● Assignment: In the data beneath this task, how many lines contain "Sweatshirt"? Answer with the number only.

Collection entries
____________________

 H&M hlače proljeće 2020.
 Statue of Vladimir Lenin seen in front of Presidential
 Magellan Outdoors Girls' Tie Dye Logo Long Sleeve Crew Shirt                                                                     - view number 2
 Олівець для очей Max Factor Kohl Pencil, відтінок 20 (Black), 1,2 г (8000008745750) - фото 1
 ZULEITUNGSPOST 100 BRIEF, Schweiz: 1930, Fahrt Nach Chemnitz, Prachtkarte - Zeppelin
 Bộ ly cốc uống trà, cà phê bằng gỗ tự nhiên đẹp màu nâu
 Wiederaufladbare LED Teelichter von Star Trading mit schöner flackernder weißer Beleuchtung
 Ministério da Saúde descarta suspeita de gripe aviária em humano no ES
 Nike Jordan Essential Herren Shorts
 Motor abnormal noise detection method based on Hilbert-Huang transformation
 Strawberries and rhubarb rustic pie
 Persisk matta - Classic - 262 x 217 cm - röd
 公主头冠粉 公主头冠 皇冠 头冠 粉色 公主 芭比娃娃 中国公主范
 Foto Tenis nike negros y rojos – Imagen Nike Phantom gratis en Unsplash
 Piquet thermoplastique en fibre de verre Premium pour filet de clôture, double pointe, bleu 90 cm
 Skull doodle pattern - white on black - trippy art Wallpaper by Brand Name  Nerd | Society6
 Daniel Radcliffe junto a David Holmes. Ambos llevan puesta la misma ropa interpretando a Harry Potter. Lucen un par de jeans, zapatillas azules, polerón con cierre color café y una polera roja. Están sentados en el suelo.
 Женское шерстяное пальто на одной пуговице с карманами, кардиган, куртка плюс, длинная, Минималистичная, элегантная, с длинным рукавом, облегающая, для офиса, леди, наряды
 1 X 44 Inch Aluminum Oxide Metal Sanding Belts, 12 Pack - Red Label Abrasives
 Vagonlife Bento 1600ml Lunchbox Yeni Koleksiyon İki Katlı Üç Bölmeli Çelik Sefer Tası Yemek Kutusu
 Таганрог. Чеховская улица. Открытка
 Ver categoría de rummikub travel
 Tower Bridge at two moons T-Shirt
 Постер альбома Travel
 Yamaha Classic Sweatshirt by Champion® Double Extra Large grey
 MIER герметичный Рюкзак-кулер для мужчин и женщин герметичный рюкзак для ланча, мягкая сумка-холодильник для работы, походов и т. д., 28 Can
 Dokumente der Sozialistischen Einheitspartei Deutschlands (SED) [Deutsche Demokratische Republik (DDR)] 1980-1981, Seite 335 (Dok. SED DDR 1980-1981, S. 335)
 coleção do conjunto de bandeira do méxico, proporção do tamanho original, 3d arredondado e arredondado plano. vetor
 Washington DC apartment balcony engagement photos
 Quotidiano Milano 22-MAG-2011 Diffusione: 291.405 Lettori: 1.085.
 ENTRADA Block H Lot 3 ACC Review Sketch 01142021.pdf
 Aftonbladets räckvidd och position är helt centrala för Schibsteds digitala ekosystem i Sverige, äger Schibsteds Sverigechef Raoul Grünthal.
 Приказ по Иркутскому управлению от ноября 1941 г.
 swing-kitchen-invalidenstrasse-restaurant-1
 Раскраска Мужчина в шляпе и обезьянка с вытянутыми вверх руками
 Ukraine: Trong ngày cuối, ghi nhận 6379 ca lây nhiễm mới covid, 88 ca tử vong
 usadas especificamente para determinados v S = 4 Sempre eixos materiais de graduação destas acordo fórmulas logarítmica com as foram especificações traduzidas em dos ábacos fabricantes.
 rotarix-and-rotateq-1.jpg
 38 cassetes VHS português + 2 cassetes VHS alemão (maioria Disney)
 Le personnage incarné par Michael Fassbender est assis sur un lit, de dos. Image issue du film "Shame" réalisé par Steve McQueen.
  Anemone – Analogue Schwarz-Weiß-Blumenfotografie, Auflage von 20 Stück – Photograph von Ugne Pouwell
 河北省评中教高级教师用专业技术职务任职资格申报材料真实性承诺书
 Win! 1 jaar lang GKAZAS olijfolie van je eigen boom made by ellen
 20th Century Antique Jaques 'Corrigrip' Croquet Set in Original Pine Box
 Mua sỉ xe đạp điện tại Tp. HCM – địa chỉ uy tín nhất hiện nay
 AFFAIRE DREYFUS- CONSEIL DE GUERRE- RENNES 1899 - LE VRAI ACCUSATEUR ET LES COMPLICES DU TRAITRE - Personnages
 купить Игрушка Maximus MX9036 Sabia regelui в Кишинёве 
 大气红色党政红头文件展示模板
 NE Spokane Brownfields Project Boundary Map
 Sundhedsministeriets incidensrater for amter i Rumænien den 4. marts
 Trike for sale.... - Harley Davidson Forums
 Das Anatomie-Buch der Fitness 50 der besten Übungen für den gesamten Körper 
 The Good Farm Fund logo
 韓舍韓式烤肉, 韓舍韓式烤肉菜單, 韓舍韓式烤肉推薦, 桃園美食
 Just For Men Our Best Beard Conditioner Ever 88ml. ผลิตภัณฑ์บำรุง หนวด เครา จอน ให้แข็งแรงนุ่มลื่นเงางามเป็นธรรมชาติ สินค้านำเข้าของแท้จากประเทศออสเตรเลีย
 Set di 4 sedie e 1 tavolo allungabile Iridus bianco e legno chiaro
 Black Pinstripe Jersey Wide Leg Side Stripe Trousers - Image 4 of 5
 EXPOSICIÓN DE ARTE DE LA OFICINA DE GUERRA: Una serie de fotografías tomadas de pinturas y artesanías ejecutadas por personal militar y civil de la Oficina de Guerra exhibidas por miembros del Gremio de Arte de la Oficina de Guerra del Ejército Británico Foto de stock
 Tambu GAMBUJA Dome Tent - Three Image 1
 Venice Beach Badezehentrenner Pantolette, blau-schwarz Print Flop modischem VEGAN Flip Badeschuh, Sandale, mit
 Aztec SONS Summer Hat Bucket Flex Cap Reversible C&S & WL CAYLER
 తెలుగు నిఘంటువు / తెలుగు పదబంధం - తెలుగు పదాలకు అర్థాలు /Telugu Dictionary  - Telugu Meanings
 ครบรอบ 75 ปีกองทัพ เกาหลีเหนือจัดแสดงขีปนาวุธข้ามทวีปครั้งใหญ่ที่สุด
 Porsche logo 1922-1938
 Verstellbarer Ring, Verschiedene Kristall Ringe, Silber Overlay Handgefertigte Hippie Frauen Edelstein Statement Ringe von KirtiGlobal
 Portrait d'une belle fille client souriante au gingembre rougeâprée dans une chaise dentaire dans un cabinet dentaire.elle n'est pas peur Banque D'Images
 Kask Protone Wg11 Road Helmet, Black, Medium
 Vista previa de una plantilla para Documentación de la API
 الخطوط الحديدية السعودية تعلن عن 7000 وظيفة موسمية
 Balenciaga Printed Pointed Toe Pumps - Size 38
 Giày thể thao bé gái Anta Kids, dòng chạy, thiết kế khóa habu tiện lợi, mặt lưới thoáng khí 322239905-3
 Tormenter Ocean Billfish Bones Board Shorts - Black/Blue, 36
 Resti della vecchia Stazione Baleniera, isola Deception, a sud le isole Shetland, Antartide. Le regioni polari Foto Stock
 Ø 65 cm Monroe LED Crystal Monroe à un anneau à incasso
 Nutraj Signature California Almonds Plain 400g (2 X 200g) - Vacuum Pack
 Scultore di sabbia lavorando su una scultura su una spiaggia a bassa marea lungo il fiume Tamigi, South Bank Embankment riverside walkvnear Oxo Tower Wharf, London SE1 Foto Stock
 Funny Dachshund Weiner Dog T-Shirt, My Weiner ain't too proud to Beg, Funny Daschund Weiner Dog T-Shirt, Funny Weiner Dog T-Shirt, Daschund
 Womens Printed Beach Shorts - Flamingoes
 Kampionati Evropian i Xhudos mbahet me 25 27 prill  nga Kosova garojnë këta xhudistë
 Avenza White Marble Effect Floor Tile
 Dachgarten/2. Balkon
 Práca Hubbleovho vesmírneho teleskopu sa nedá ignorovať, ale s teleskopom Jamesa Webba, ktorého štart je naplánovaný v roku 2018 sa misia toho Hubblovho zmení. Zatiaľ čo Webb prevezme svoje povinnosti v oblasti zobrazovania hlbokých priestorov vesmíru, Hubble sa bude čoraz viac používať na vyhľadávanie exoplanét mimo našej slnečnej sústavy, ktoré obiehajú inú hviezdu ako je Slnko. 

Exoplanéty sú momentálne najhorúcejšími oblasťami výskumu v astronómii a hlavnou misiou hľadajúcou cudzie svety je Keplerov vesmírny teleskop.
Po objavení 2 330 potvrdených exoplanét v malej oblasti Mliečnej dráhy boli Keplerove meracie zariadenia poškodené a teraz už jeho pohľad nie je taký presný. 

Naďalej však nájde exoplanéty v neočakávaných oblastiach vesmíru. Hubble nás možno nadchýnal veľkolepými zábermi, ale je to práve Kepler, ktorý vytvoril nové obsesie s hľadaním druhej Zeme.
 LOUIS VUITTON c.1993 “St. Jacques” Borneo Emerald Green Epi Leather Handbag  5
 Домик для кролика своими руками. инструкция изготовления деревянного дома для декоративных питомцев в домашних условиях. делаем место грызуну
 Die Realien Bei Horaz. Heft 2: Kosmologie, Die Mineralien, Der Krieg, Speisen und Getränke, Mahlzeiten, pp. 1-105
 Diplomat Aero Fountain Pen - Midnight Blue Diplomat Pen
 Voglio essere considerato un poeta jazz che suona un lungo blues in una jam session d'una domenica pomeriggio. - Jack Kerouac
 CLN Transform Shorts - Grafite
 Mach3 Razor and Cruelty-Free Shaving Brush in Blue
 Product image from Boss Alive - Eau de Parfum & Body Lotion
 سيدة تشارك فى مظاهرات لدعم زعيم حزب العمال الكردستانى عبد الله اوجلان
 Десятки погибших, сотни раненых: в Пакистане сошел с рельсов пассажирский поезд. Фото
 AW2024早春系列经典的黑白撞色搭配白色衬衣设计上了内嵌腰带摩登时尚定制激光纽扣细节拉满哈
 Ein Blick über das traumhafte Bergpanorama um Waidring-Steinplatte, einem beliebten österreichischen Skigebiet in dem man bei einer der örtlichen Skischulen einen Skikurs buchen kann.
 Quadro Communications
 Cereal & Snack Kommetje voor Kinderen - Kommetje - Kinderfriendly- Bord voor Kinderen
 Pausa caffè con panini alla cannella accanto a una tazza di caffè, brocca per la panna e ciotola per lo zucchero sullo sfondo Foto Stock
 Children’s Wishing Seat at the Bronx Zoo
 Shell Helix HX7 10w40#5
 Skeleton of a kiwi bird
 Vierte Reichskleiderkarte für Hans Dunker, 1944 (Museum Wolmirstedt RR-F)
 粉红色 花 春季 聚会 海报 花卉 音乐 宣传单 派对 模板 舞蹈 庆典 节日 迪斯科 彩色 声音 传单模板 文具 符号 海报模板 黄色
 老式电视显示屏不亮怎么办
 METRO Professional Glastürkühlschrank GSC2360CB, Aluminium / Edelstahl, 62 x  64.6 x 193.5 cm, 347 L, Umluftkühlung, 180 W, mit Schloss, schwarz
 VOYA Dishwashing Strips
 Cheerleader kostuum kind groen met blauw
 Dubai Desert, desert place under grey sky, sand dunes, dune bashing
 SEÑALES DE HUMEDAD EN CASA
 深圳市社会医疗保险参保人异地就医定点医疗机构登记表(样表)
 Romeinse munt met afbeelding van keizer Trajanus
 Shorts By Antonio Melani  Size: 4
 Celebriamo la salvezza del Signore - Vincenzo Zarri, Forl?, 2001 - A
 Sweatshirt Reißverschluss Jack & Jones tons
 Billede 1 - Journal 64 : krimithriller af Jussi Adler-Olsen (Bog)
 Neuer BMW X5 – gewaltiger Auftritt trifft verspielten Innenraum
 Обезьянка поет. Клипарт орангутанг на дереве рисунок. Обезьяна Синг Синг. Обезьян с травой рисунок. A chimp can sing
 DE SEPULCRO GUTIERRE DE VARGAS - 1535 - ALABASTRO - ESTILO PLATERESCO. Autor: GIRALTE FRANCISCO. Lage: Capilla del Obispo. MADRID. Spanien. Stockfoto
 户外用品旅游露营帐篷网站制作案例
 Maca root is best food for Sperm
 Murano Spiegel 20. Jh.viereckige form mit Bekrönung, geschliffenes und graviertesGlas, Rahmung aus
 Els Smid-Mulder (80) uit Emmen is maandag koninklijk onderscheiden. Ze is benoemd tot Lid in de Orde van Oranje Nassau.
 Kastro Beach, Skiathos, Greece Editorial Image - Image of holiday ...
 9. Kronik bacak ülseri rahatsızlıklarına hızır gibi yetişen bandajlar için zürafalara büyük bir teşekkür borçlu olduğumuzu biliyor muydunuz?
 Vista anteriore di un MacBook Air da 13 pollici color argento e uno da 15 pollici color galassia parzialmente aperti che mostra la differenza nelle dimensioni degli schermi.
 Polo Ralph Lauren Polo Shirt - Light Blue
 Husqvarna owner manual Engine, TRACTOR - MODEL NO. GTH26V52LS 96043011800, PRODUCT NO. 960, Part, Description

____________________

● The answer: 2